▶ _Task to complete_: Only the pictures are dropped; the lines of the material that follow are returned exactly.

▶ _Given data_:
★ ★ ★ ★ ★

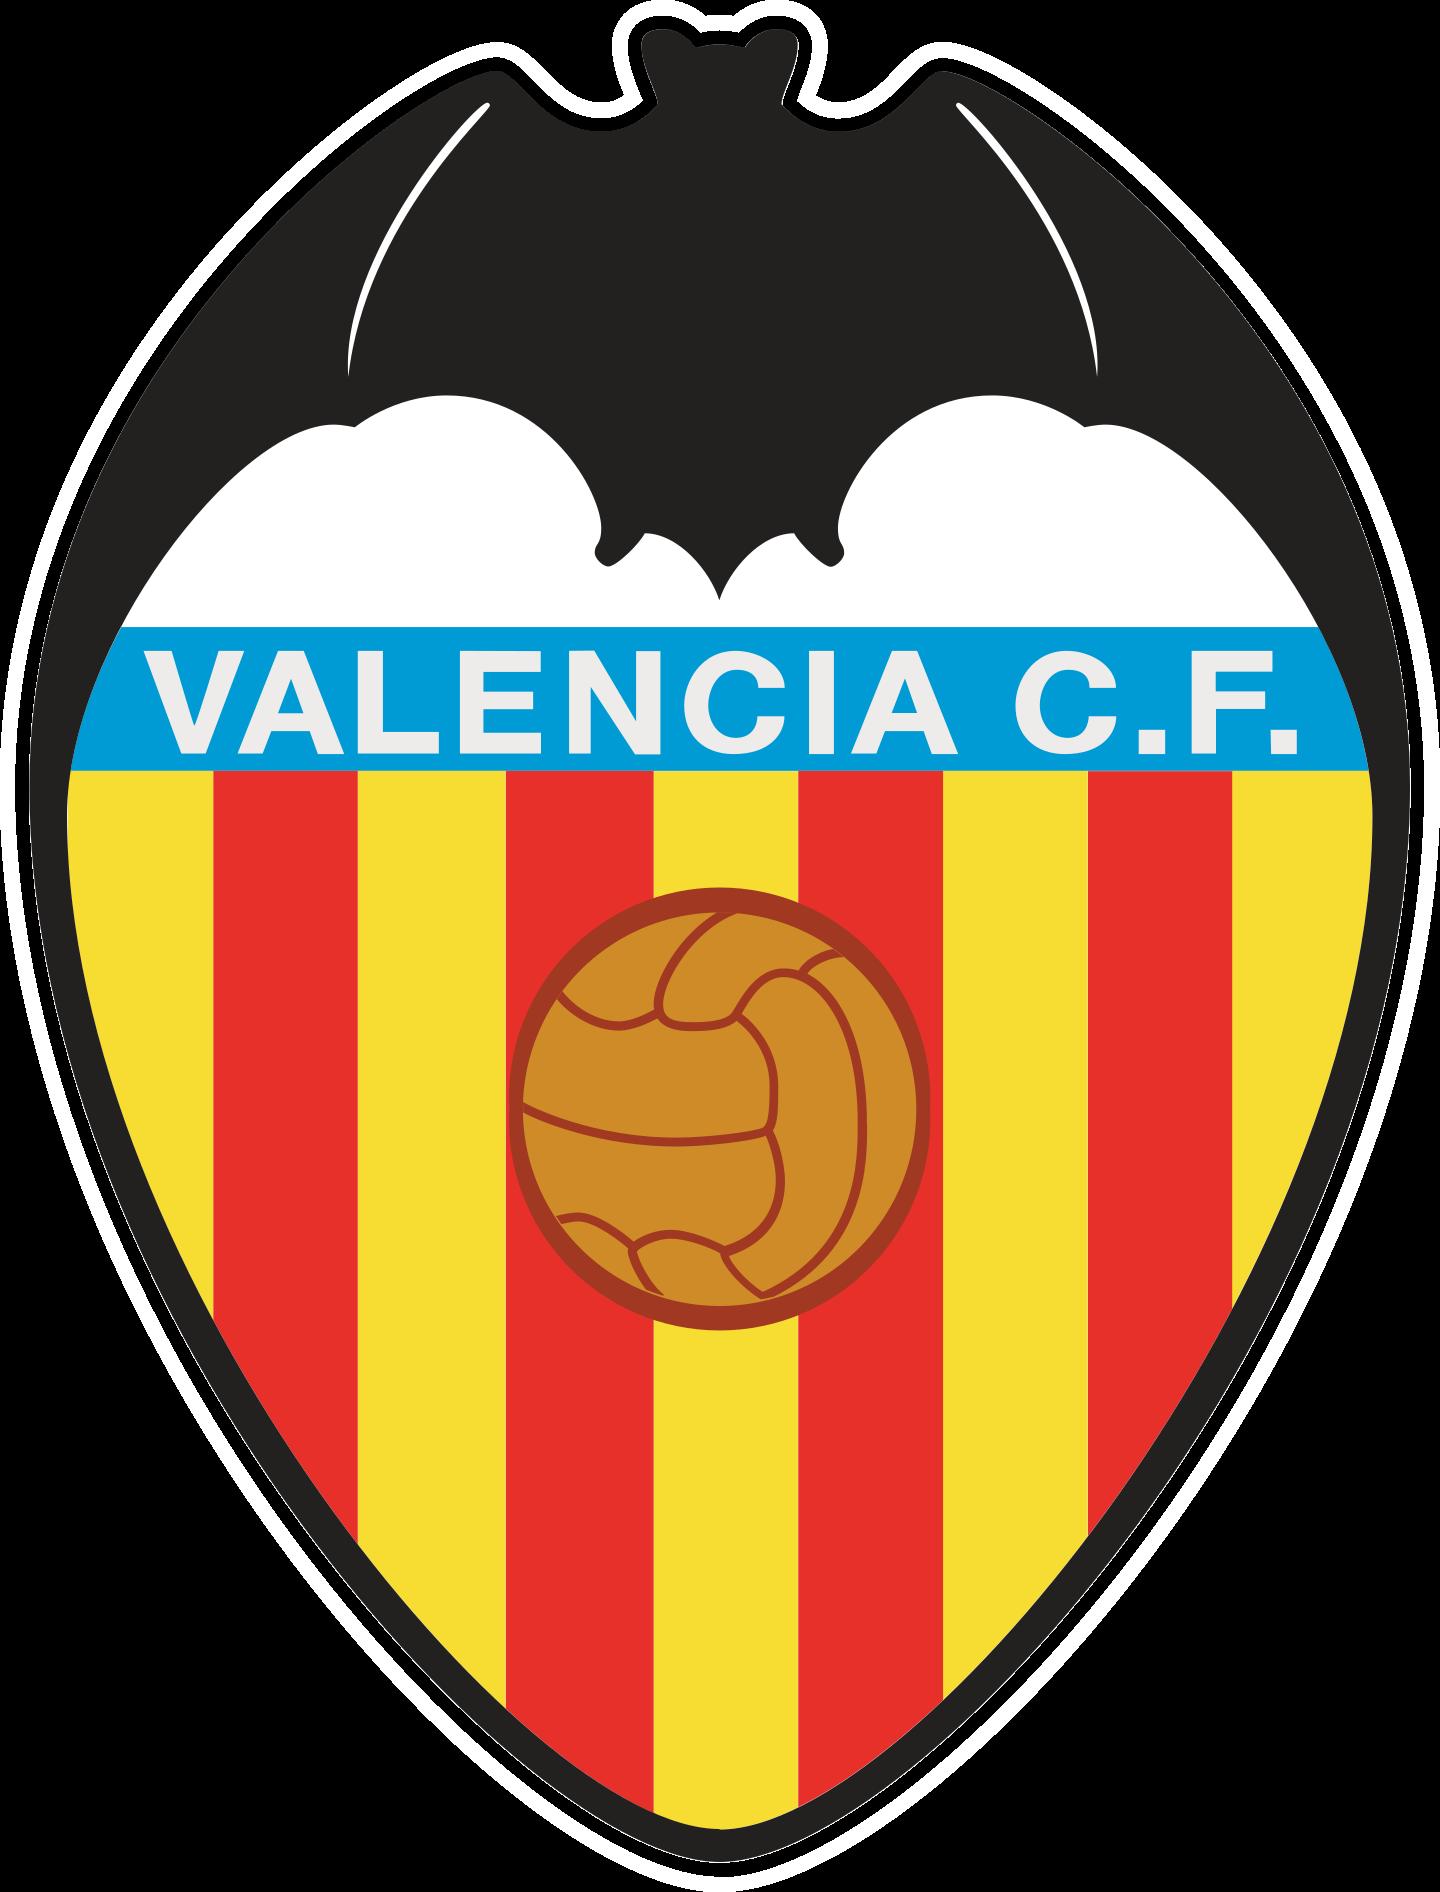 valencia cf logo escudo 2 - Valencia CF Logo
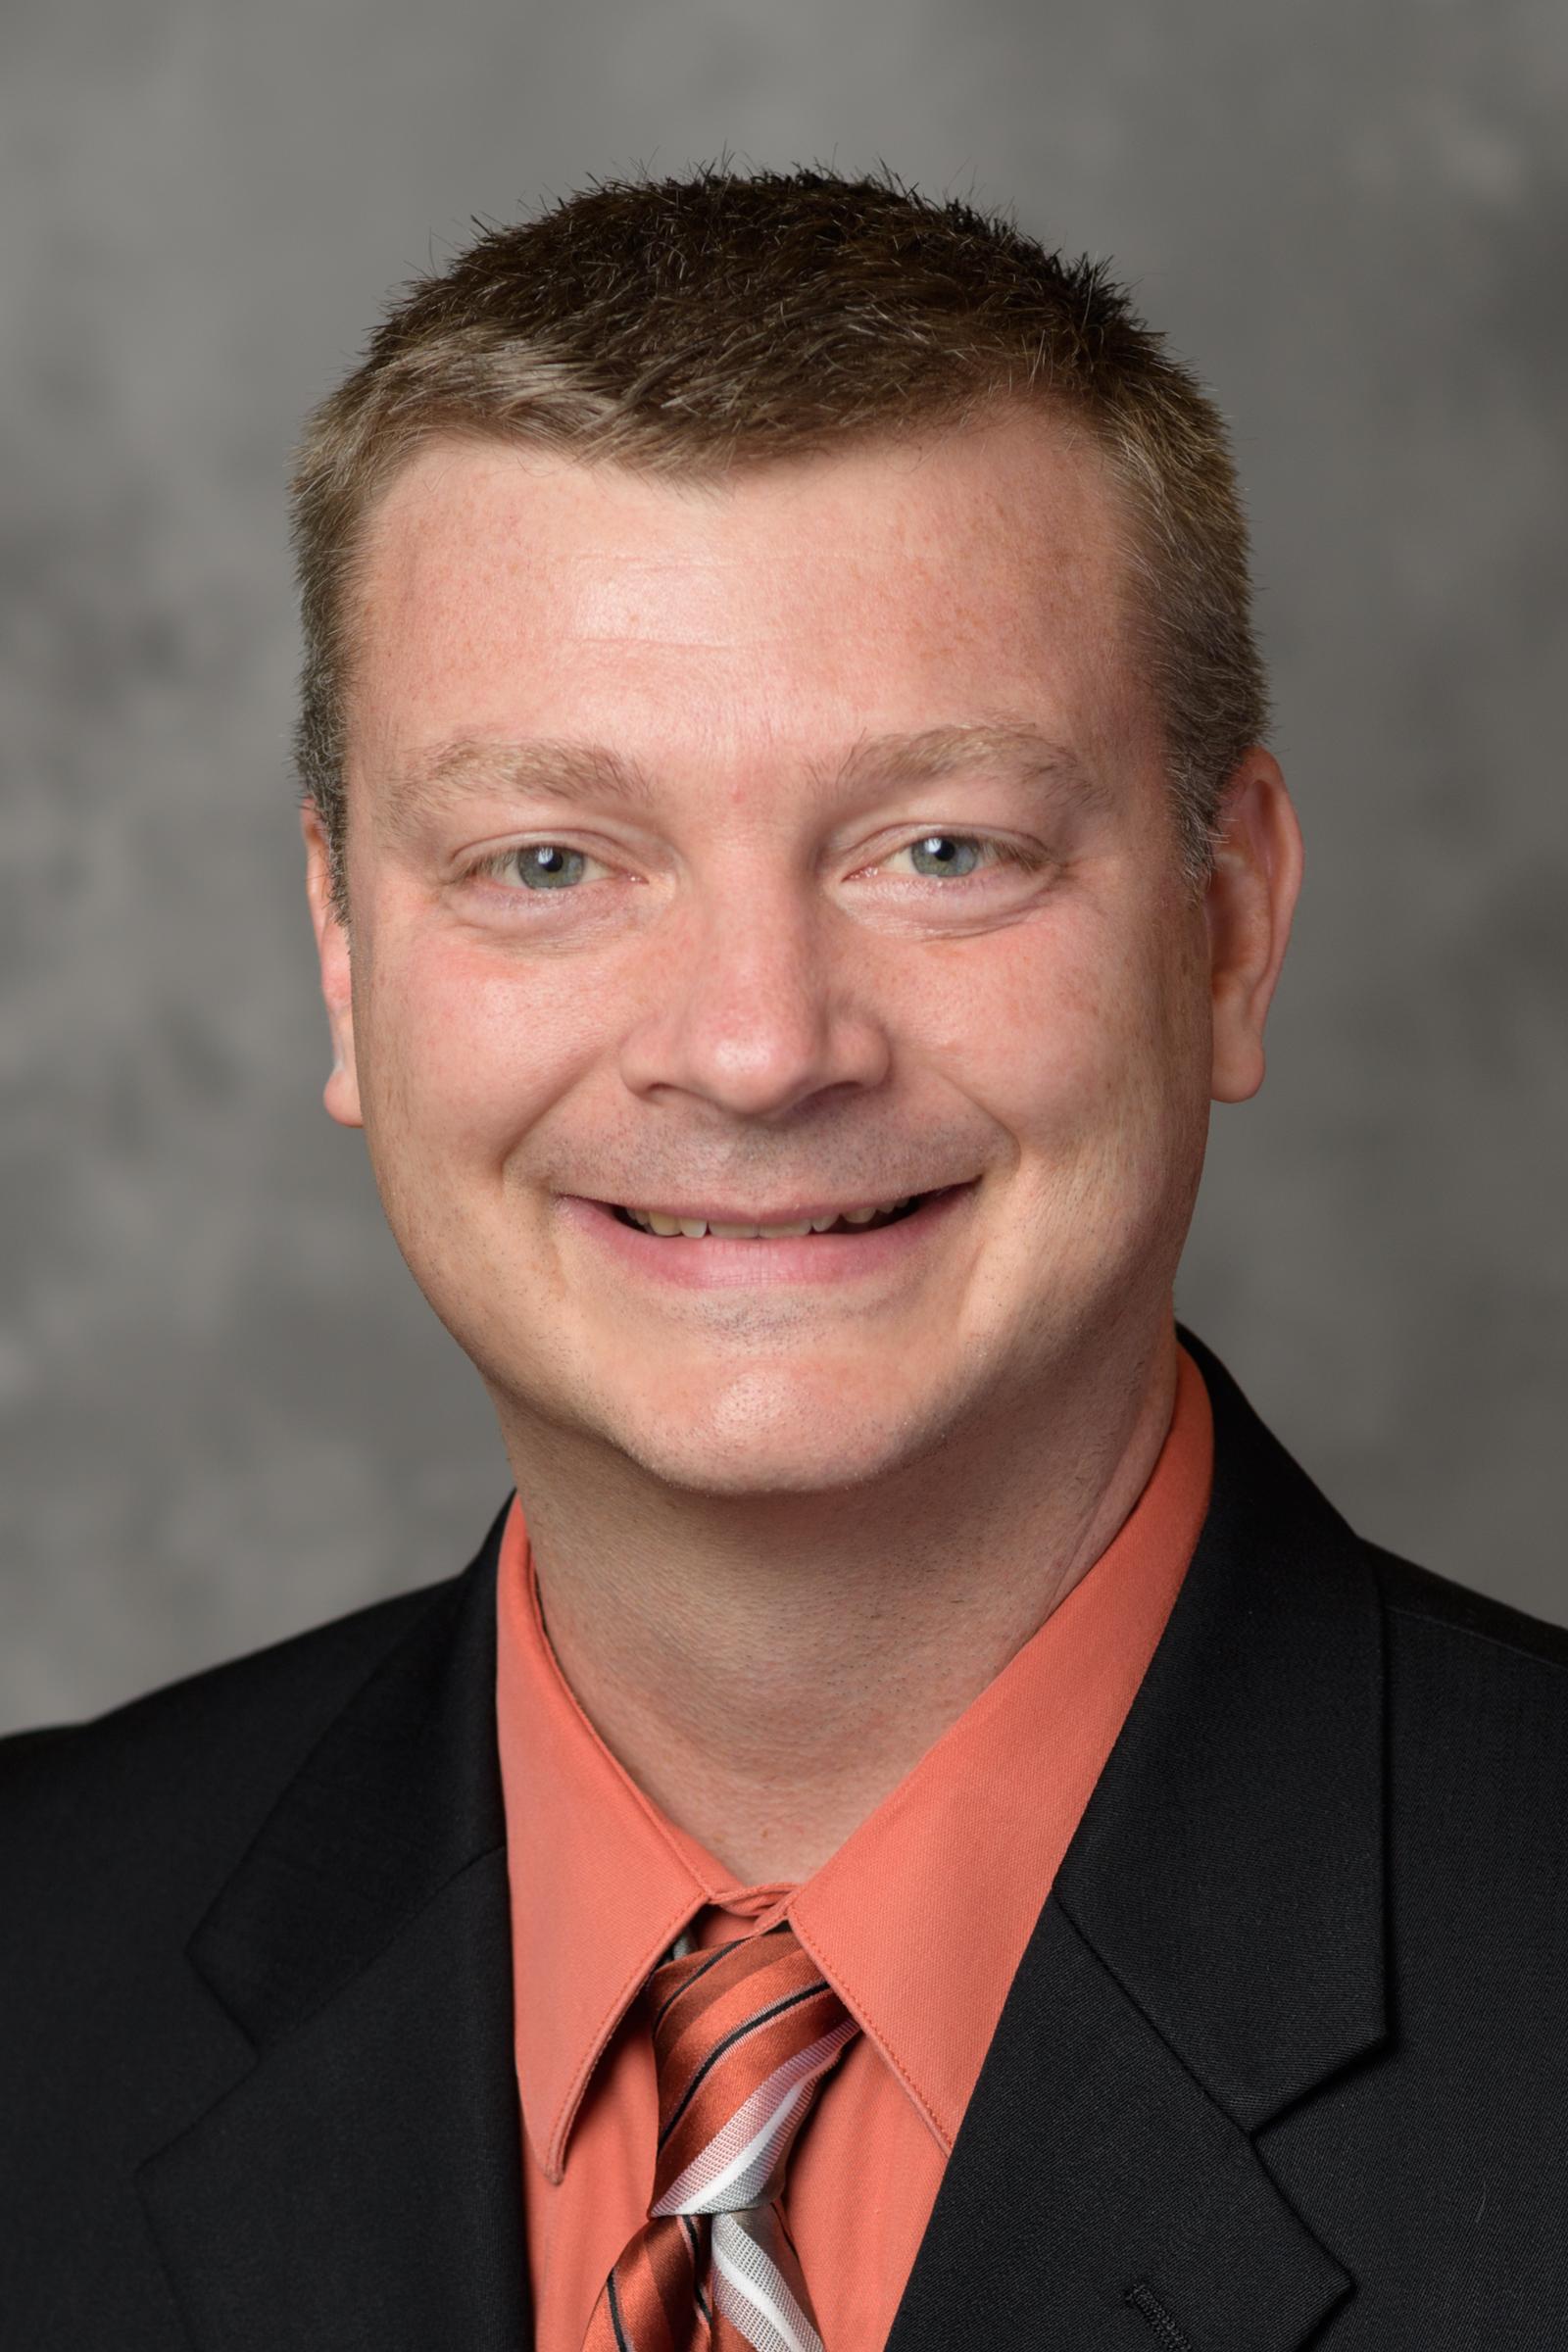 Daniel Gaines
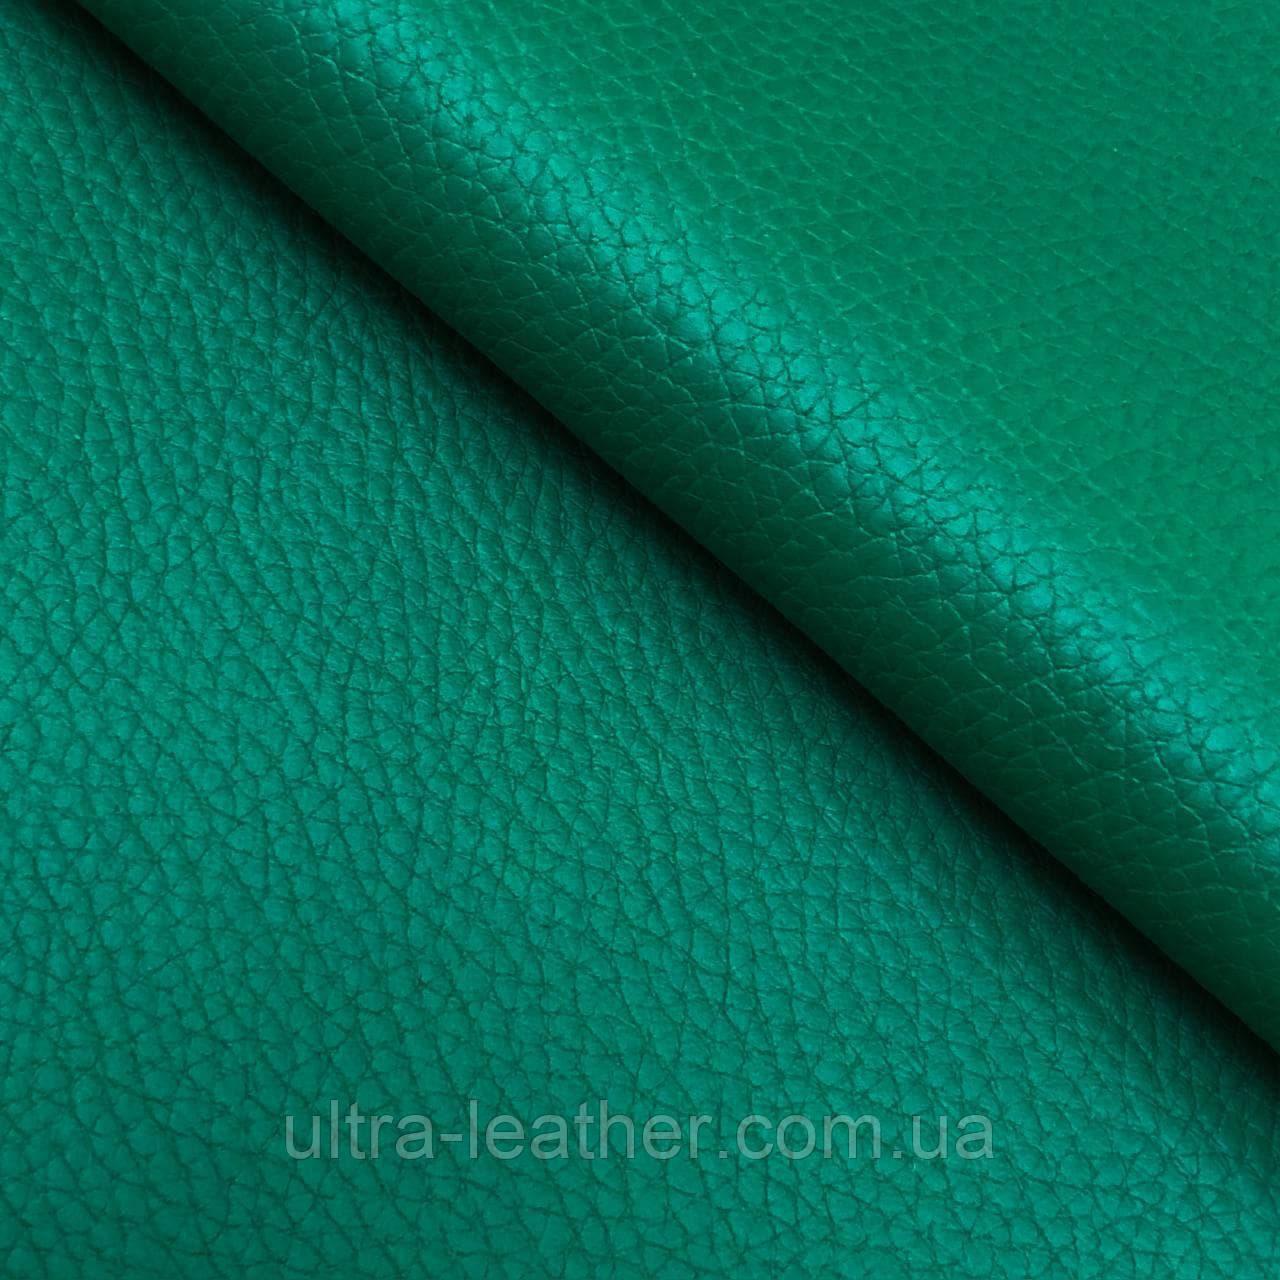 Натуральна шкіра галантерейна ФЛЕШ, Зелений, Pantone 18-6030

★ ★ ★ ★ ★

▶ _Final answer_:
 valencia cf logo escudo 2 - Valencia CF Logo
 Daniel Gaines
 Натуральна шкіра галантерейна ФЛЕШ, Зелений, Pantone 18-6030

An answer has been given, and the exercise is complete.